Testing of various opclasses for ranges

От Alexander Korotkov
Тема Testing of various opclasses for ranges
Msg-id CAPpHfduAJ_pX_v-MFraE7x2sgMSJ6jEty=s5eCFGT8d1axvzOA@mail.gmail.com
обсуждение исходный текст
Ответы Re: Testing of various opclasses for ranges
Список pgsql-hackers

I've tested various opclasses for ranges (including currently in-core one and my patches). I've looked into scholar papers for which datasets they are using for testing. The lists below show kinds of datasets used in papers.

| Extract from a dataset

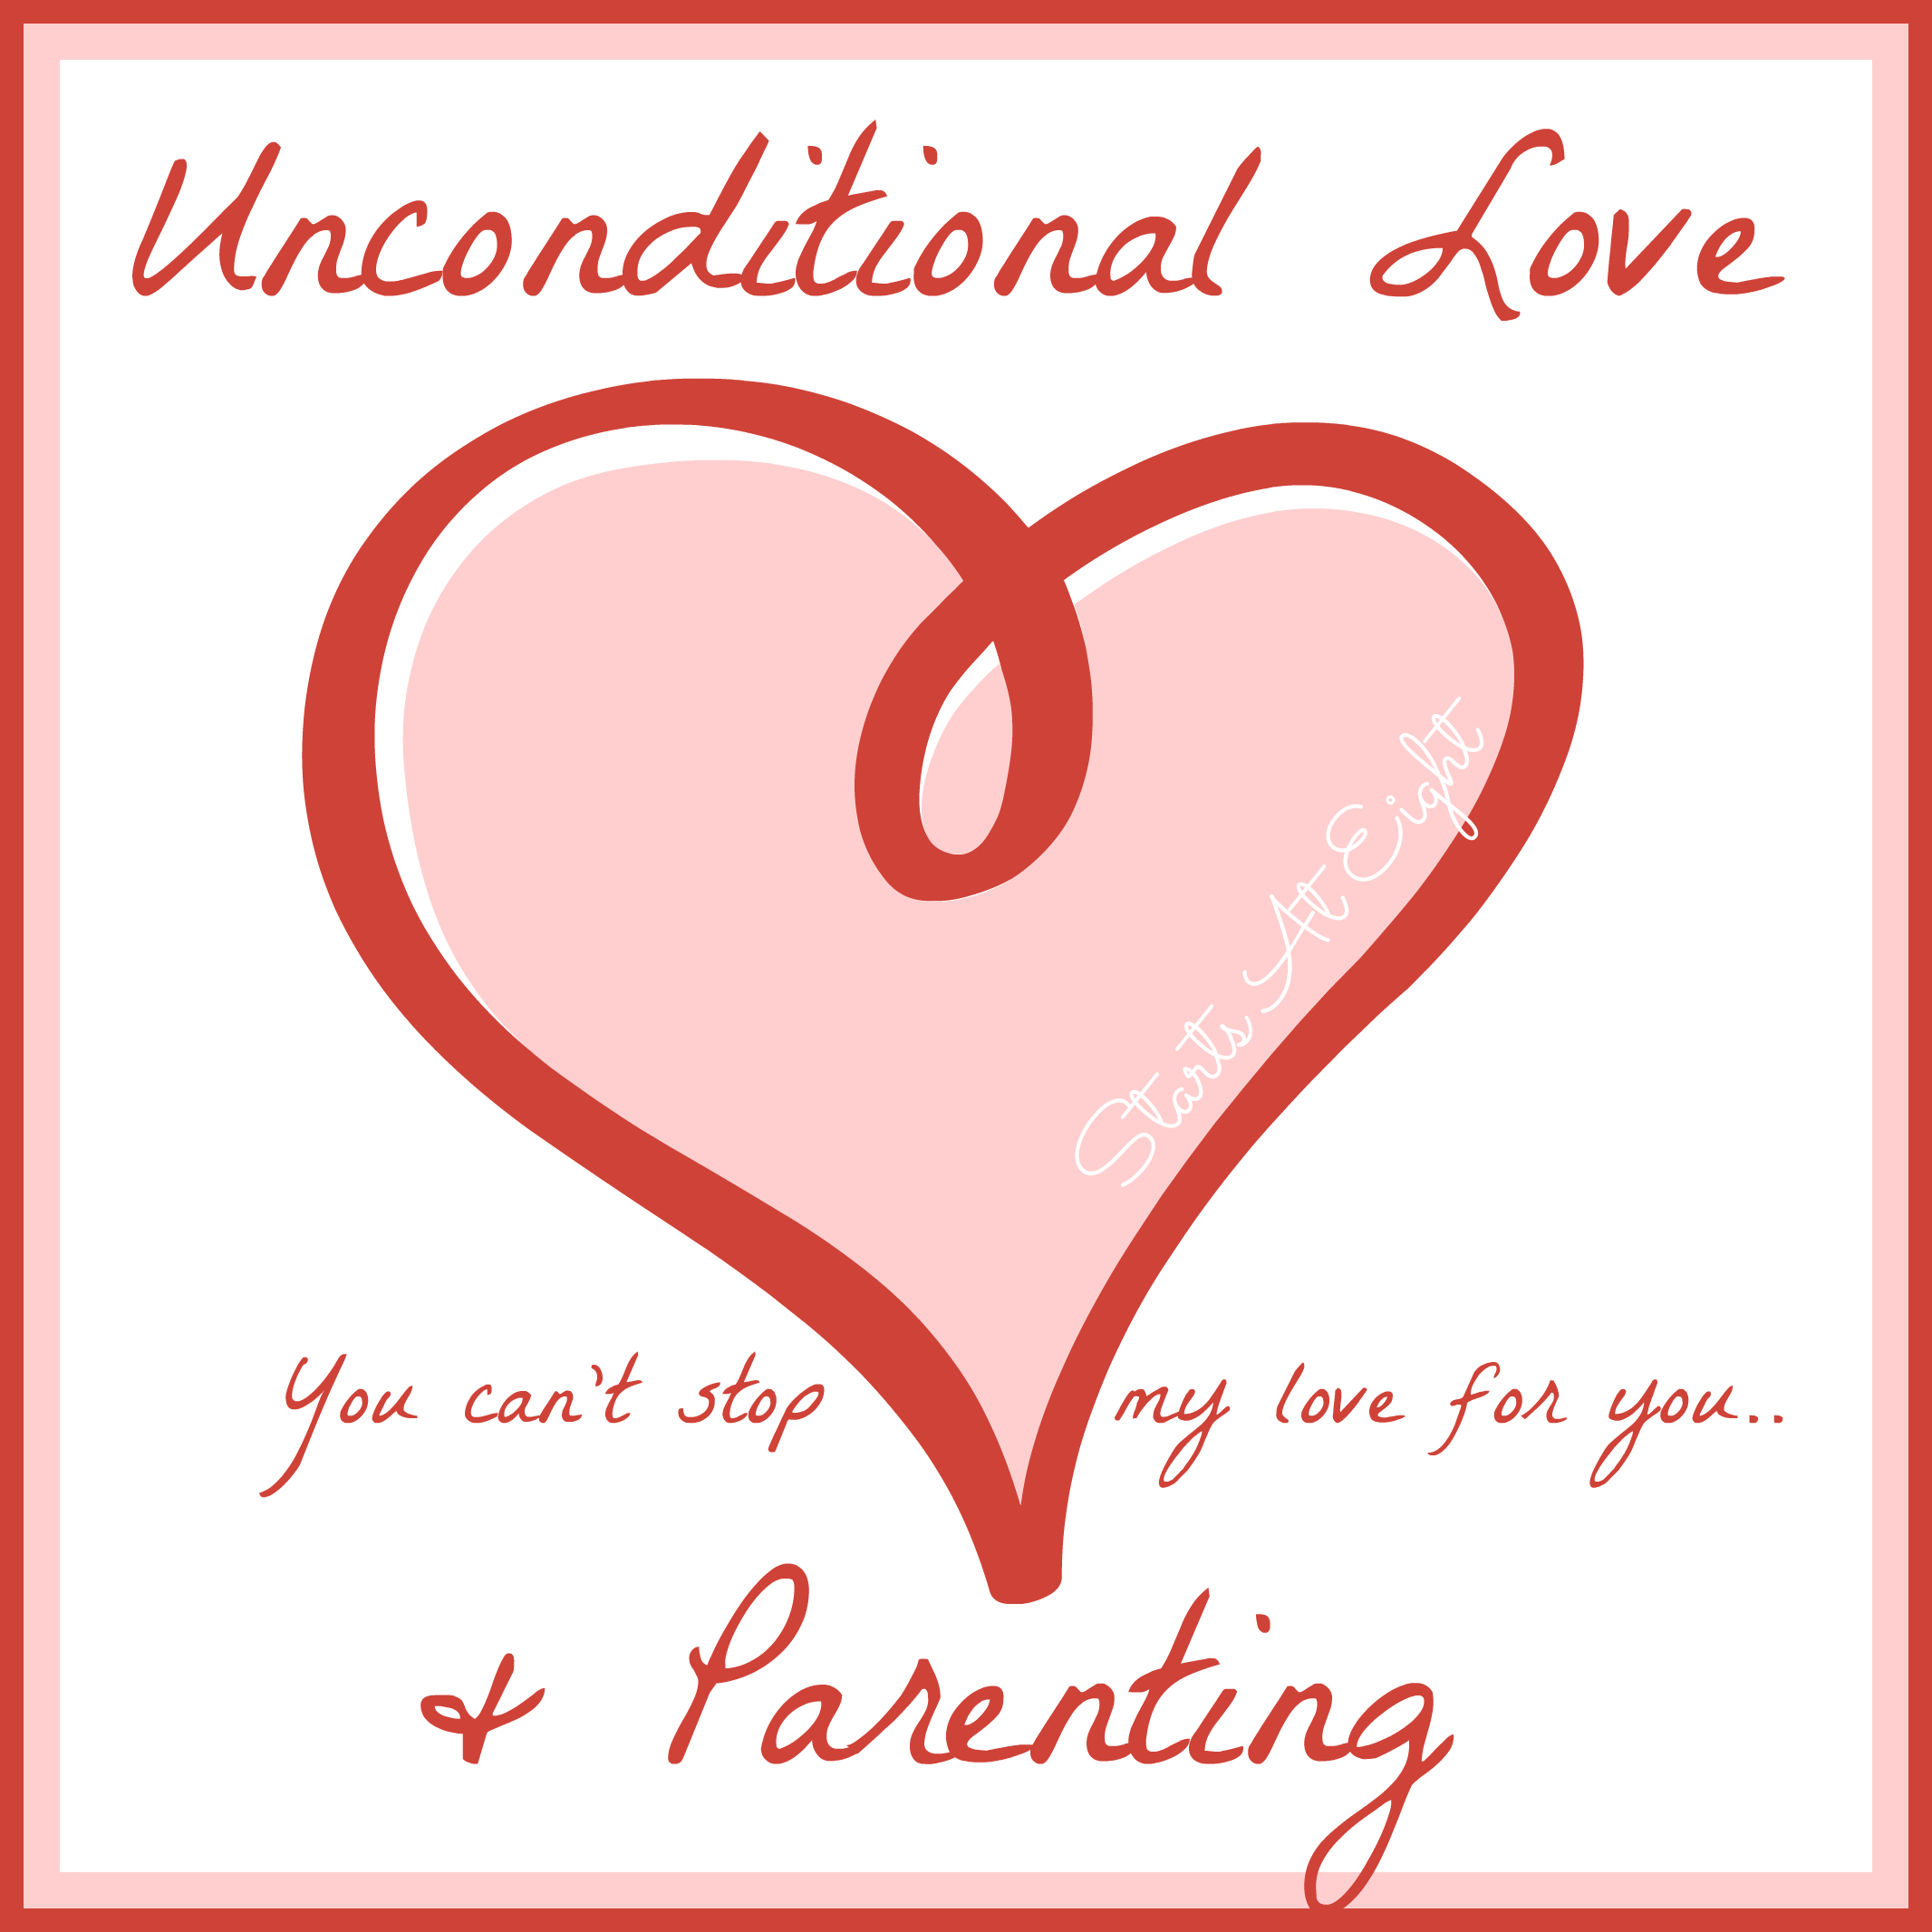 Parenting Unconditional Parenting

1) "Advanced Indexing Technique for Temporal Data", "Indexing Valid Time Intervals" uses two kinds of datasets:
  a) uniformly distributed start of range and uniformly distributed size of range
  b) uniformly distributed start of range and exponentially distributed size of range

2) "The Time index+: An incremental access structure for temporal databases" uses dataset produced by simulating of objects "life". Each object consists of number of versions which lifetime ranges are adjuncted. Start of object life is uniformly distributed. Object lifetime is normally distributed. Version time is exponentially distributed.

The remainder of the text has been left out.